After a $16 million hack in 2021, Indexed Finance, an Ethereum-based project, was able to successfully thwart two attempts at hijacking. The founders of the project will regain control of the decentralised autonomous organisation (DAO), with the intention of distributing the leftover money to the victims of the 2021 hack.
Former core contributor Laurence Day described in detail how the Indexed community thwarted two attempts to take control of the remaining treasury of the Indexed DAO in a thread on X (previously Twitter). Both attackers obtained substantial quantities of the NDX token for the system with the intention of using malicious proposals to seize control of the DAO’s holdings of digital assets, which totaled about $120,000.
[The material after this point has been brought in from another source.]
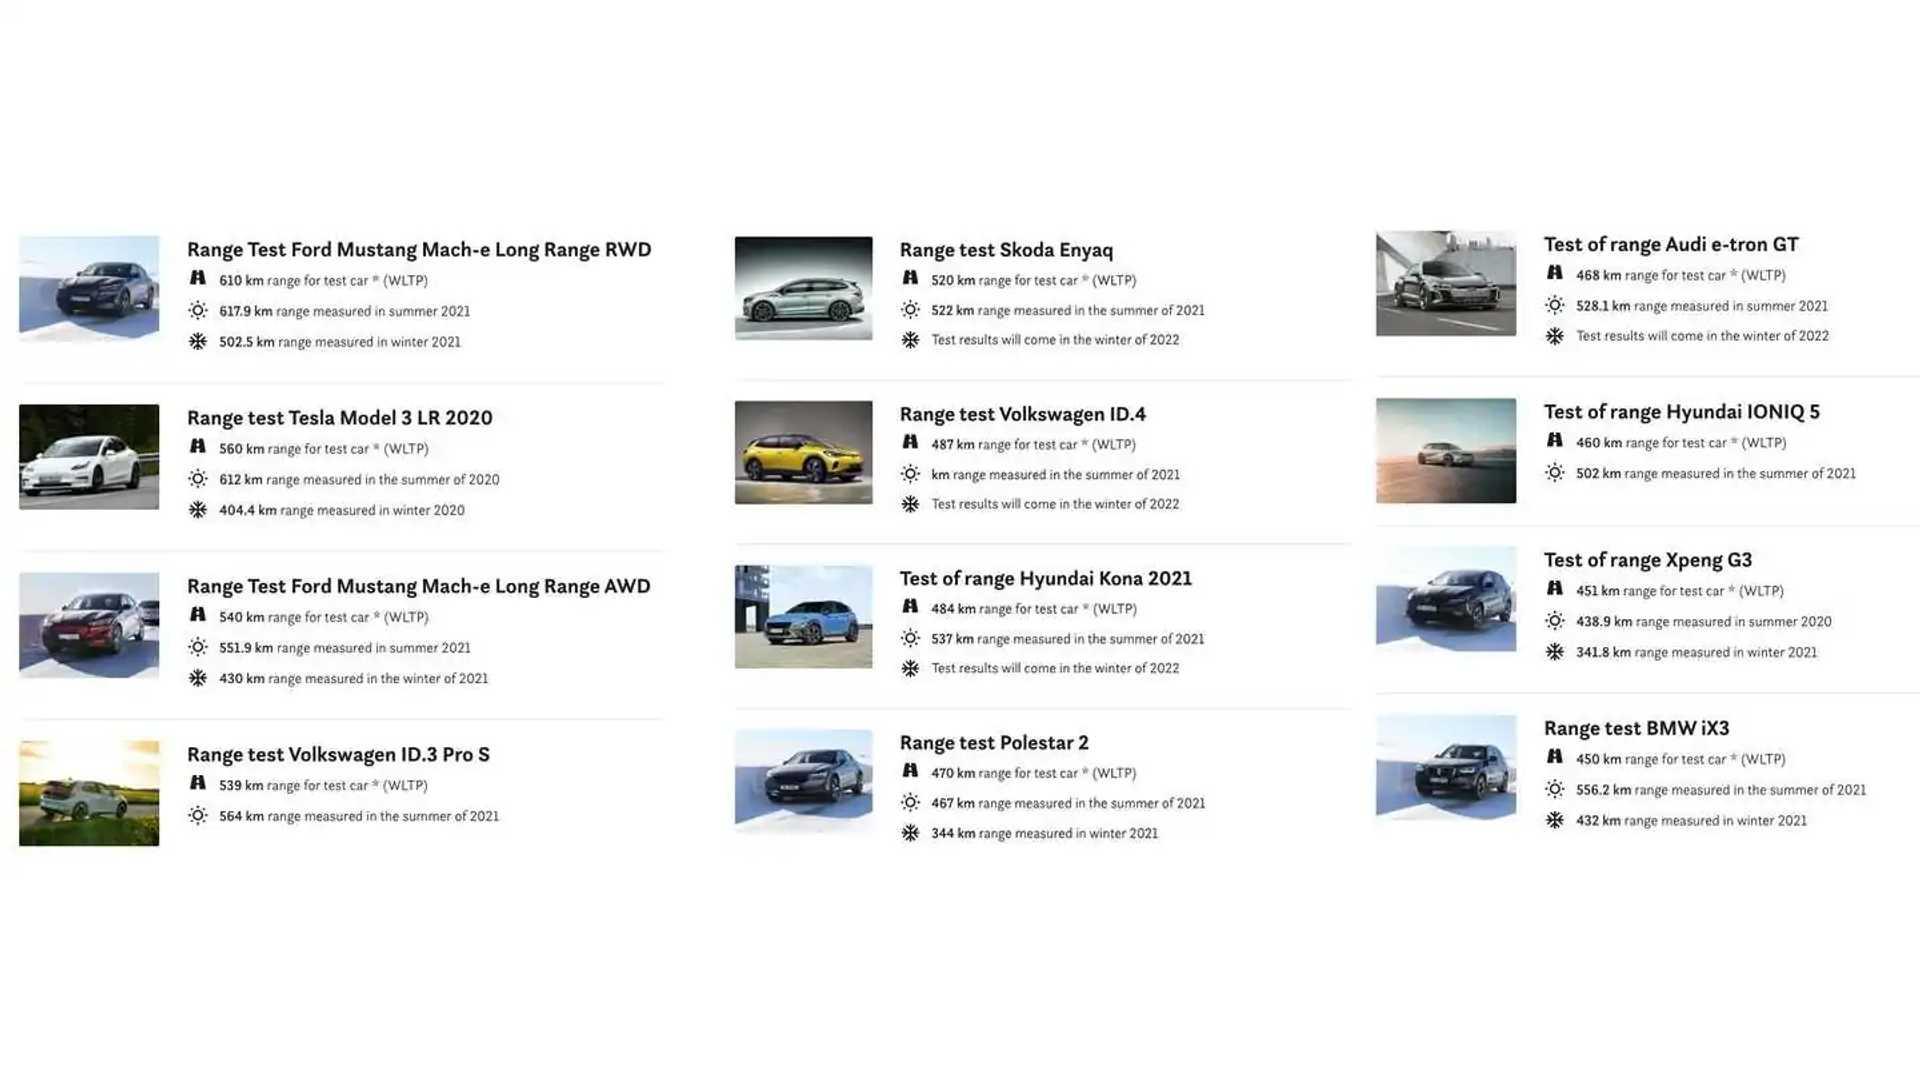 https://cdn.motor1.com/images/mgl/9qlB0/s6/naf-summer-electric-vehicle-range-test.jpg

The original plan was defeated by Day and other community members who organised the Indexed DAO for votes against it. The proposal had no title or description, seemingly to avoid detection. Within an hour, the attacker’s request was almost approved, but there were enough “No” votes to stop it from passing.
But Day feared a copycat attempt because the Indexed team had to publicly coordinate votes against the proposition. Day also explained in his post how a further vulnerability can put money outside of the DAO’s treasury at risk if it falls into hostile hands.
The Indexed DAO accepted a “poison pill” proposal, giving it the power to burn any remaining treasury funds in order to discourage future attacks and lessen the likelihood of one.
According to on-chain messages, the attacker first tried to bargain for half of the remaining treasure upon the expected second attack. In response, Indexed founder Dillon Kellar offered $10,000 in Dai and threatened to burn the entire treasury if the assailant declined.
After attempting to counter-negotiate for $17,000 with just four hours remaining until Kellar’s ultimatum, the attacker accepted the first offer and withdrew their harmful proposition. With plans to use the remaining treasury funds to reimburse victims of the 2021 hack, Day, Kellar, and the pseudonymous co-founder PR0 will once again wield a multisig to oversee the DAO.